このようなことを行った研修の8日間を通して、分単位でぎっしり組まれているスケジュールには、はじめは面食らいましたが、慣れてきたころ、その時間よりも事前に準備をしてくれているスタッフの苦労は大変なものであると気が付きました。そして時間を守ることの必要性、守らなかった際に他の人への迷惑がついてまわり、400人もの団体行動において様々なルールがとても大切であることが再認識できました。また1つの目的へのプロセスや、価値感や、考え方、日常において携っている仕事なども違う仲間にこんなに多く知り合い、対話できたことにより自分の見ている見解をより広げられました。そして良い対話をするにあたって自分の意見とは異なっていても、他人を理解しようとする気持ち、他人を思いやるこころが必要不可欠であることを身をもって体験できました。また、自分と異なった様々な考えを持つ仲間と数多く対話できたことにより、日々あわただしく生活している日常生活の中では、なかなか見つめ直すことの出来ない自分自身のことを船上という特殊な空間の中において向き合うことができ、今まで知らなかった自分というものを発見することができました。同時に、大勢の人の中においても自分という個をちゃんと持って、行動又は意見する積極性を忘れないよう心がけたいと思います。この研修に参加したことにより日常における様々なことを見つめ直すことができ、自分自身の価値感を変える転機となるような貴重な経験をさせていただき、そして私は大勢の人に支えられて生きているということに気付くこともでき、本当に有意義なものとなりました。このような乗船しなければ得ることの出来なかった思いを忘れず、周囲の人々に伝え、今後の人生で生かしていきたいと思います。
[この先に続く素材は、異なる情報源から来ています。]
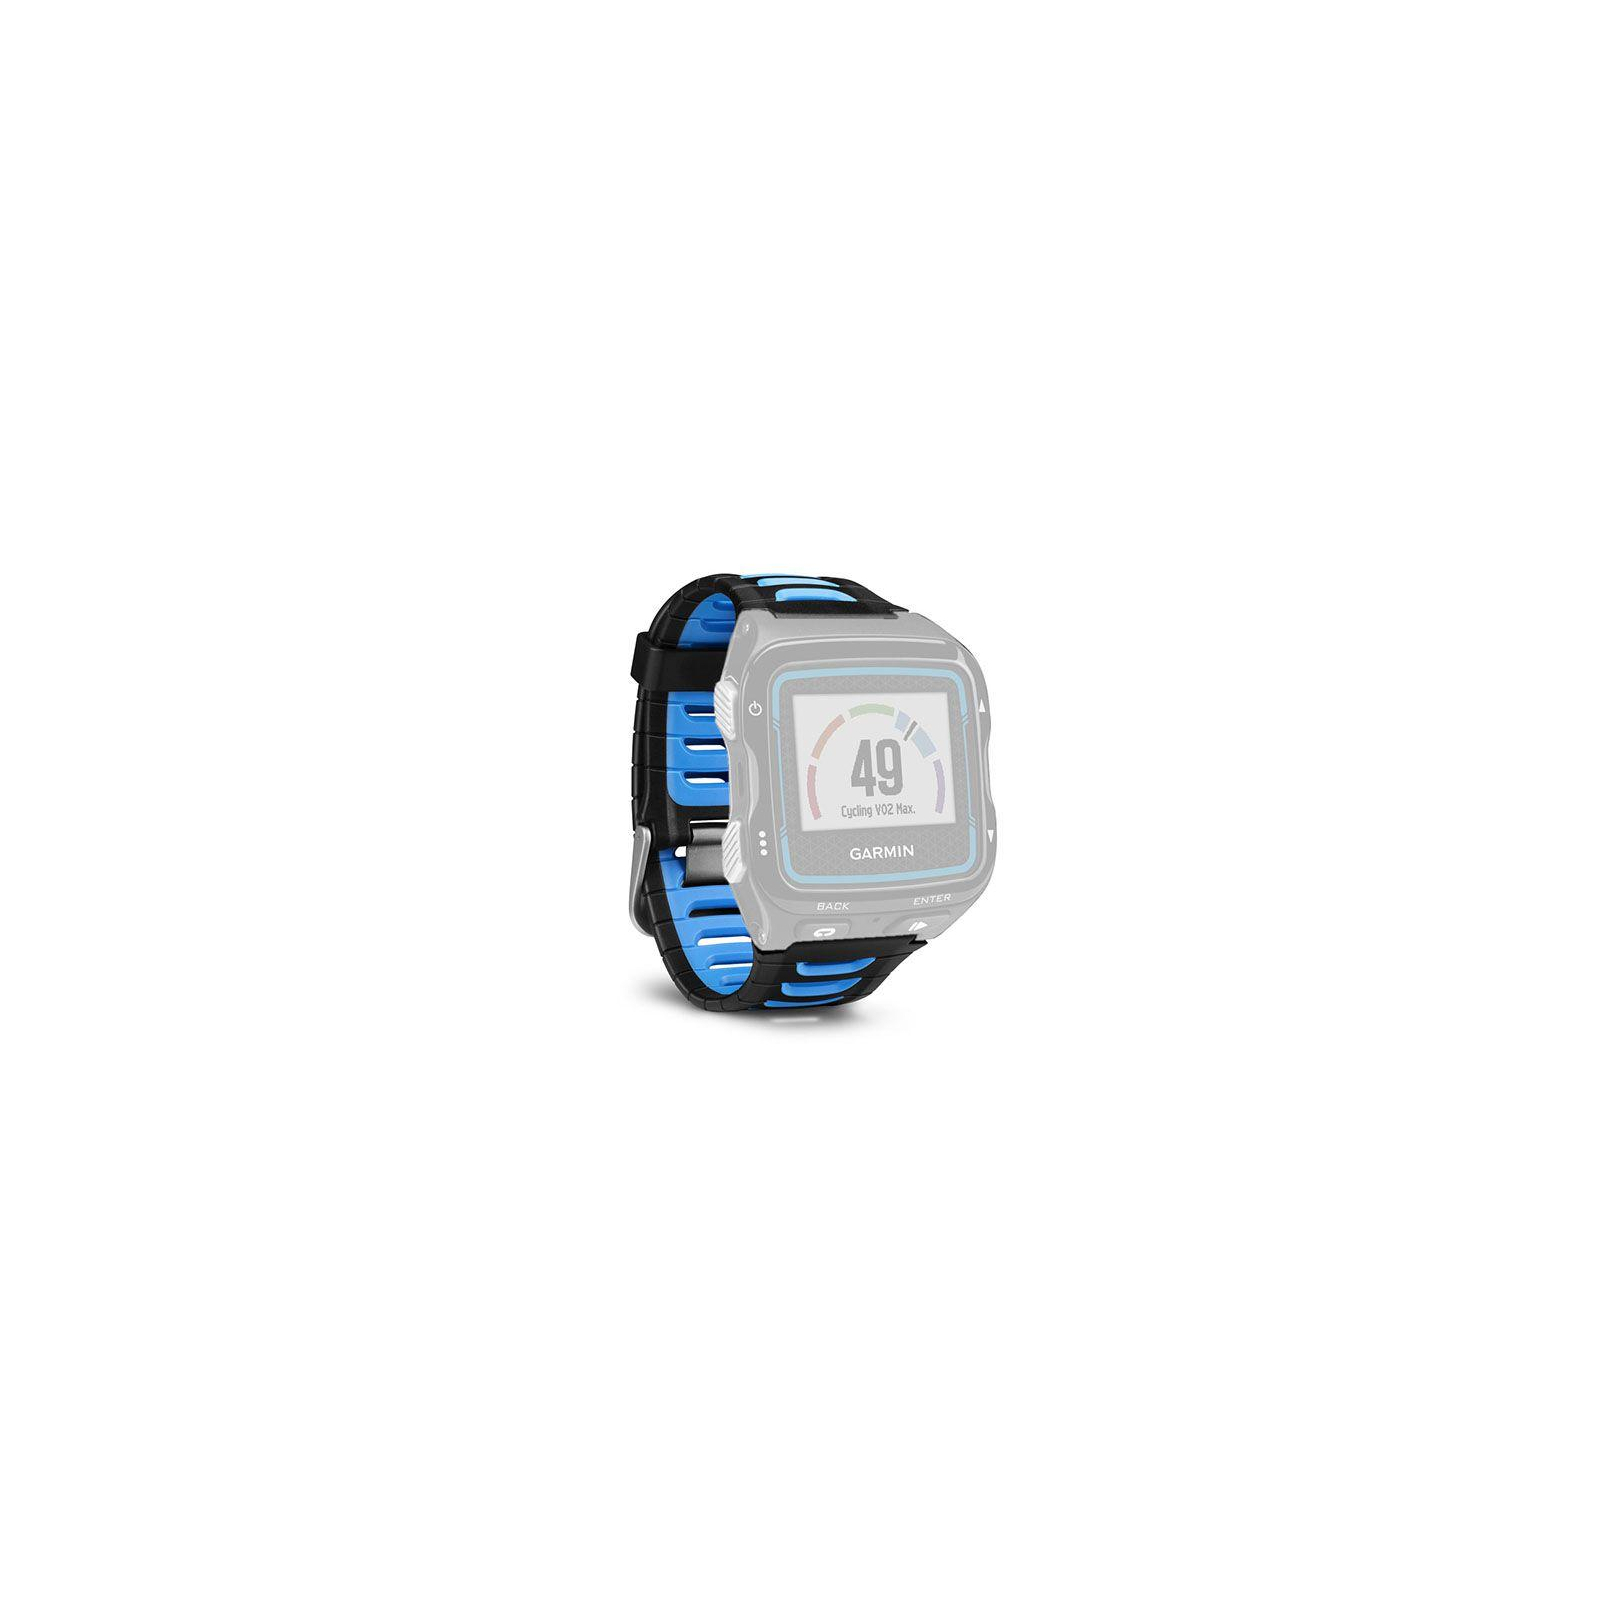 Ремешок для смарт-часов Garmin Replacement Band, Forerunner 920XT, Blk/Blue (010-11251-41) изображение 3

8日間の洋上研修を終えてはや1週間ほど経とうとしている今、振り返ってみるとこのような充実感のある研修をおくれたのも、影ながらに寝る間も惜しんで運営していただいた「とうかい号」に関係されたスタッフの方々、乗船にあたり多大なる協力と激励をいただいた羽島JCの方々、乗船中なにかときにかけていただいた石原様、後藤様、心よく乗船させていただいた職場の方々、そして家族、共に乗船した仲間に支えられできた経験だと思います。私は、この乗船を経て様々な方々の助けがあり日々生活しているということを再認識できました。最後に貴重な経験をさせていただきありがとうございましたという感謝の気持ちを携わった皆様に伝えたいです。